Oh noes, I did in fact miss a factor of 2 pi, didn't I. Embarrassing, but to my defense, it is really late and I was half asleep when I typed it.
(April 27, 2015 at 3:34 pm)Alex K Wrote: I think you're right, if we're bringing something up without taking sth of equal mass back down, the elevator needs to give the payload angular momentum - which it can't do by itself without slowly losing its orbit because it's not rigid and hence can't funnel the angular momentum from earths rotation. That can be done by a rocket firing sideways, and I'll do the calc over dinner how much power that would need, give me a minute
(April 27, 2015 at 2:50 pm)Chuck Wrote: I never understood how space elevator can counteract without using rockets and fuel the fact that as it moves mass up, it's moment of inertia is increasing, while its angular momentum is not.
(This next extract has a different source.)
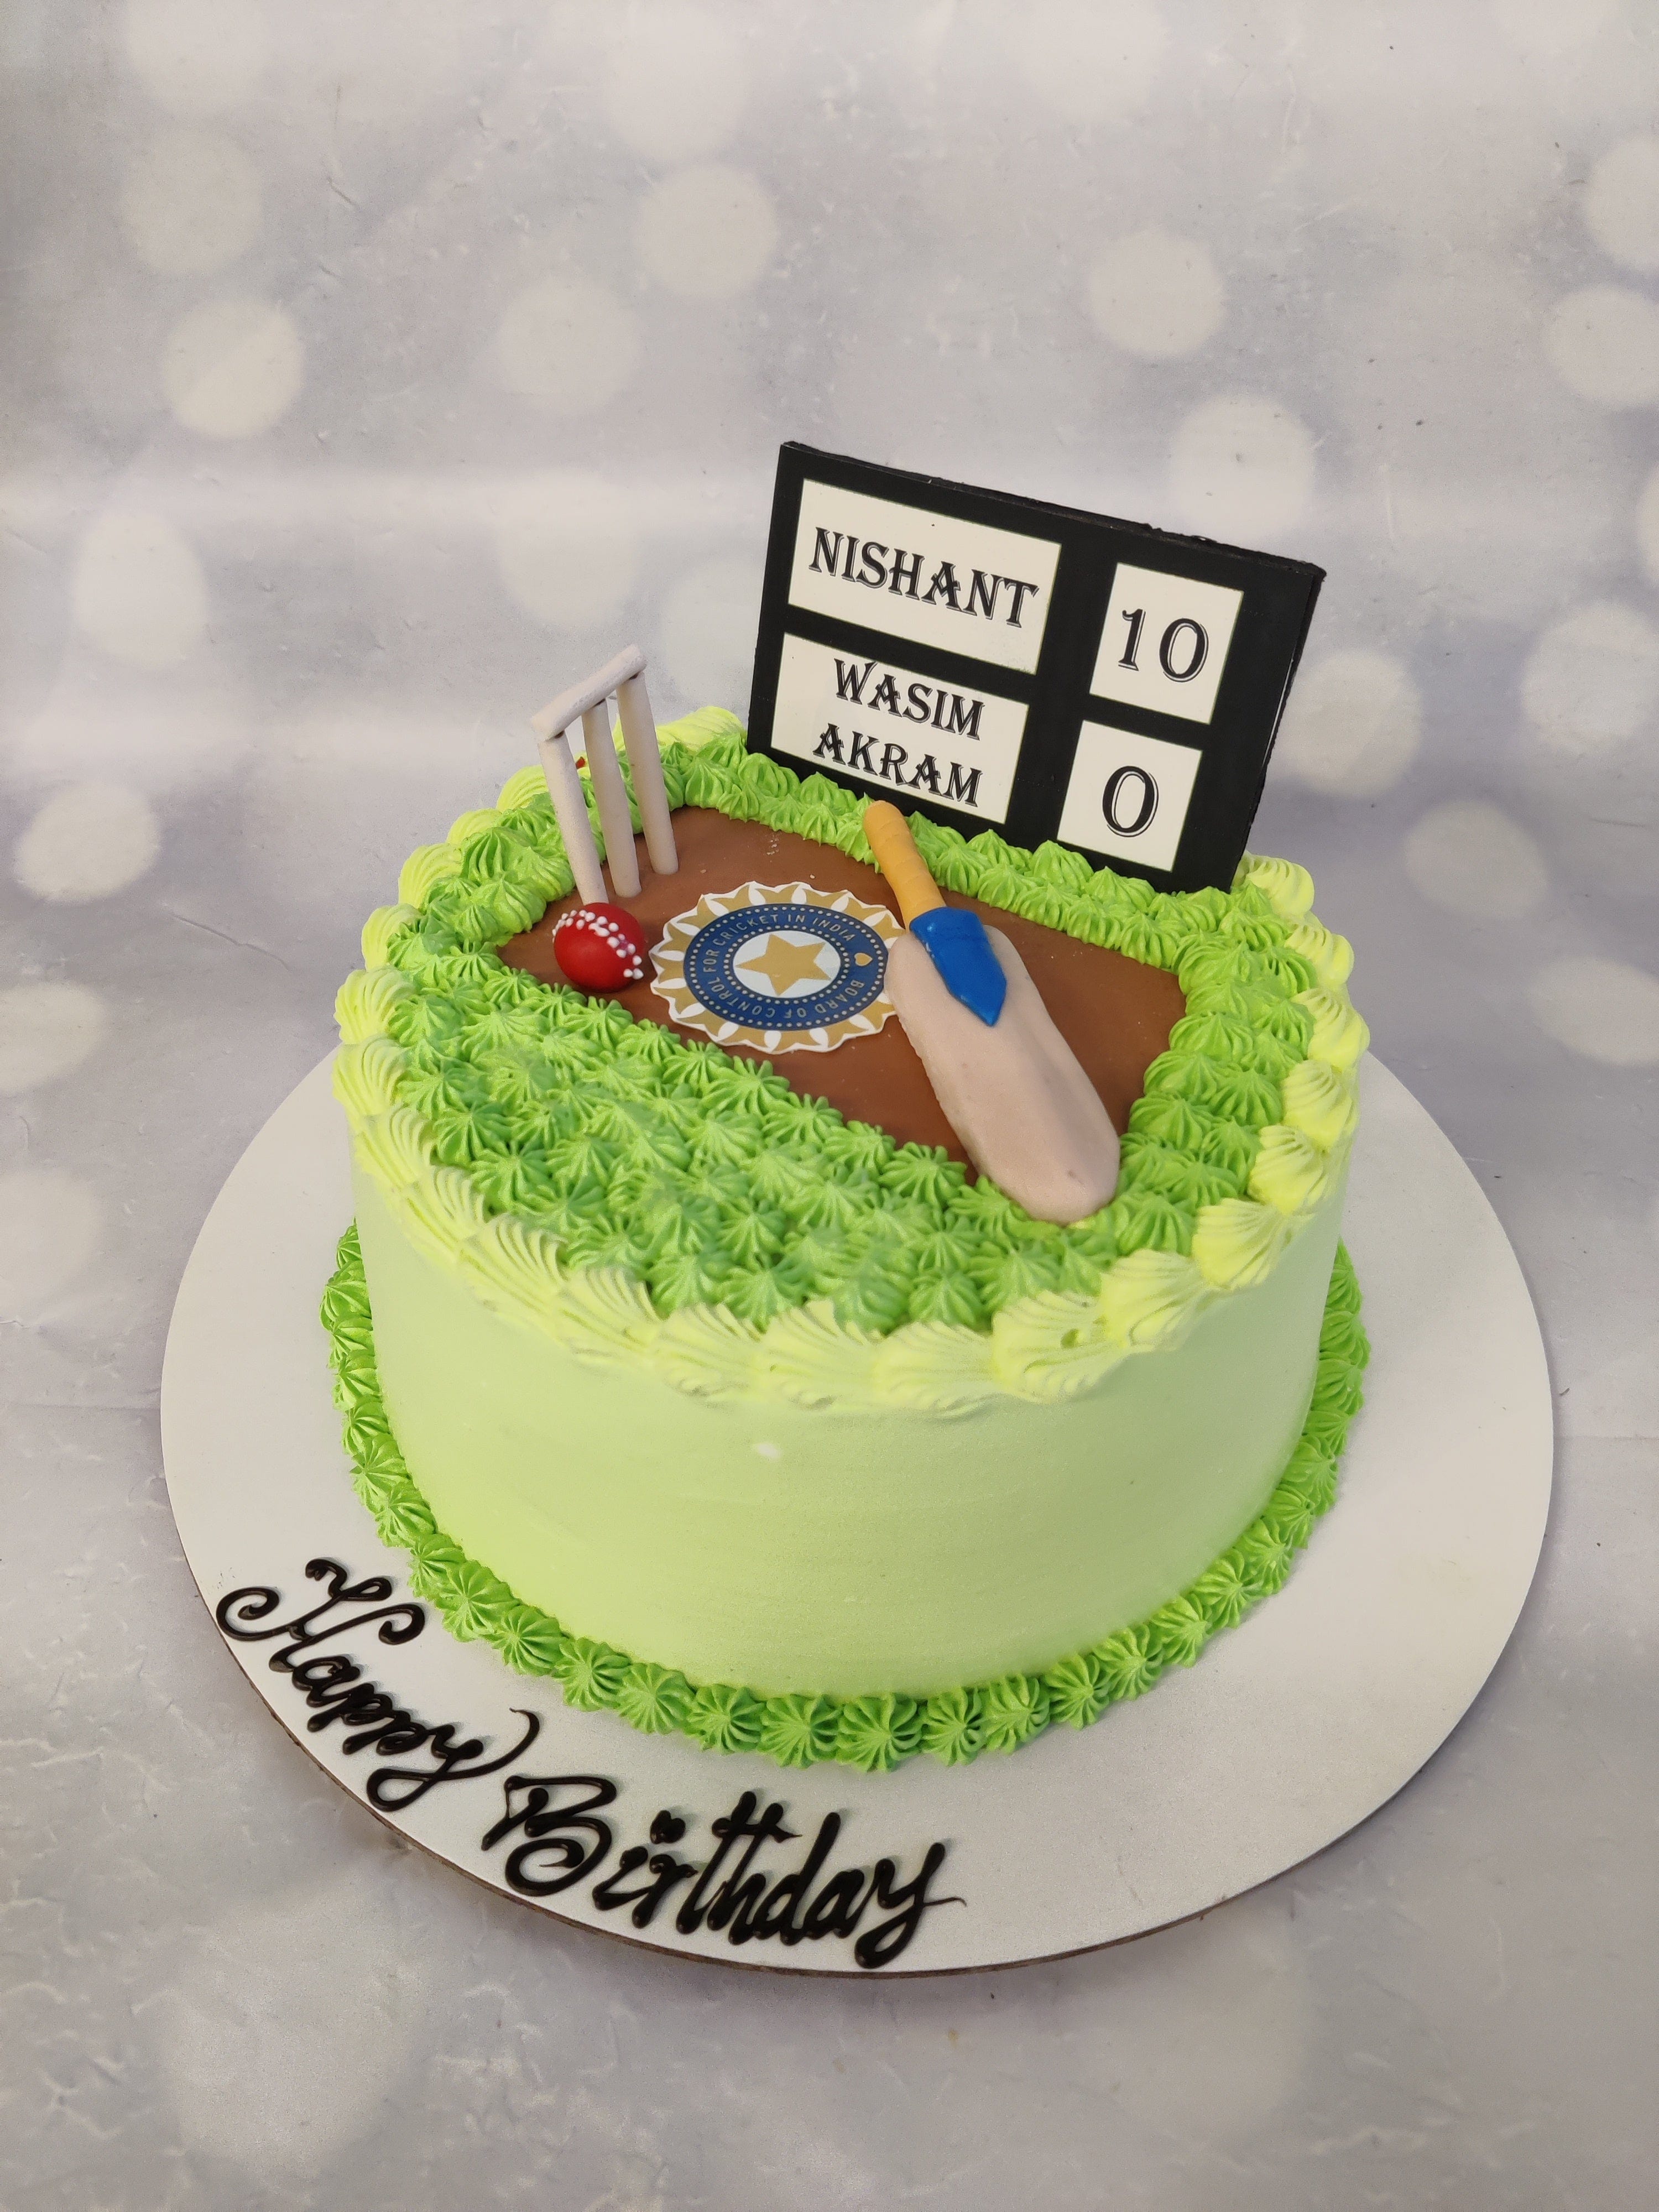 Order Cricket Cake Online from 100+ Designs - CakenGifts

If it can't increase its angular momentum, it will gradually begin to lag the rotation of the earth until it eventually wrap itself around the earth as it goes flaccid and collapse.
Allrighty!
As the resident rocket scientist (or so they tell me, I ain't never seen no rocket in my entire life) I shall deliver my space elevator calculation.
So, let's assume we want to move one metric tonne of material up all the way to geostationary orbit.
The geostationary orbit is roughly 36000 km away from the center of the earth. We are starting on the surface at the equator, which is roughly 6000 km away from the center. The earth rotates once every 24 h, or once every 86400 seconds. Hence, our metric tonne of stuff starts out with an linear momentum of
p0 = 1000kg * 2 pi * 6000 km / 86400 sec ~ 440 km kg/sec
up at the geostationary orbit, it needs to have an linear momentum of
p1 = 1000kg * 2 pi * 36000 km / 86400 sec ~ 2600 km kg/sec
in order to still move with the correct speed and not slow the space elevator wire down.
In other words, we need a rocket engine which pushes sideways and gives our payload a momentum of
p1-p0 ~ 2200 km kg/sec =2200000 meter kg/sec = 2200 Kilonewton*sec
Now we know what force we have to apply how long to give this linear momentum to our tonne of payload.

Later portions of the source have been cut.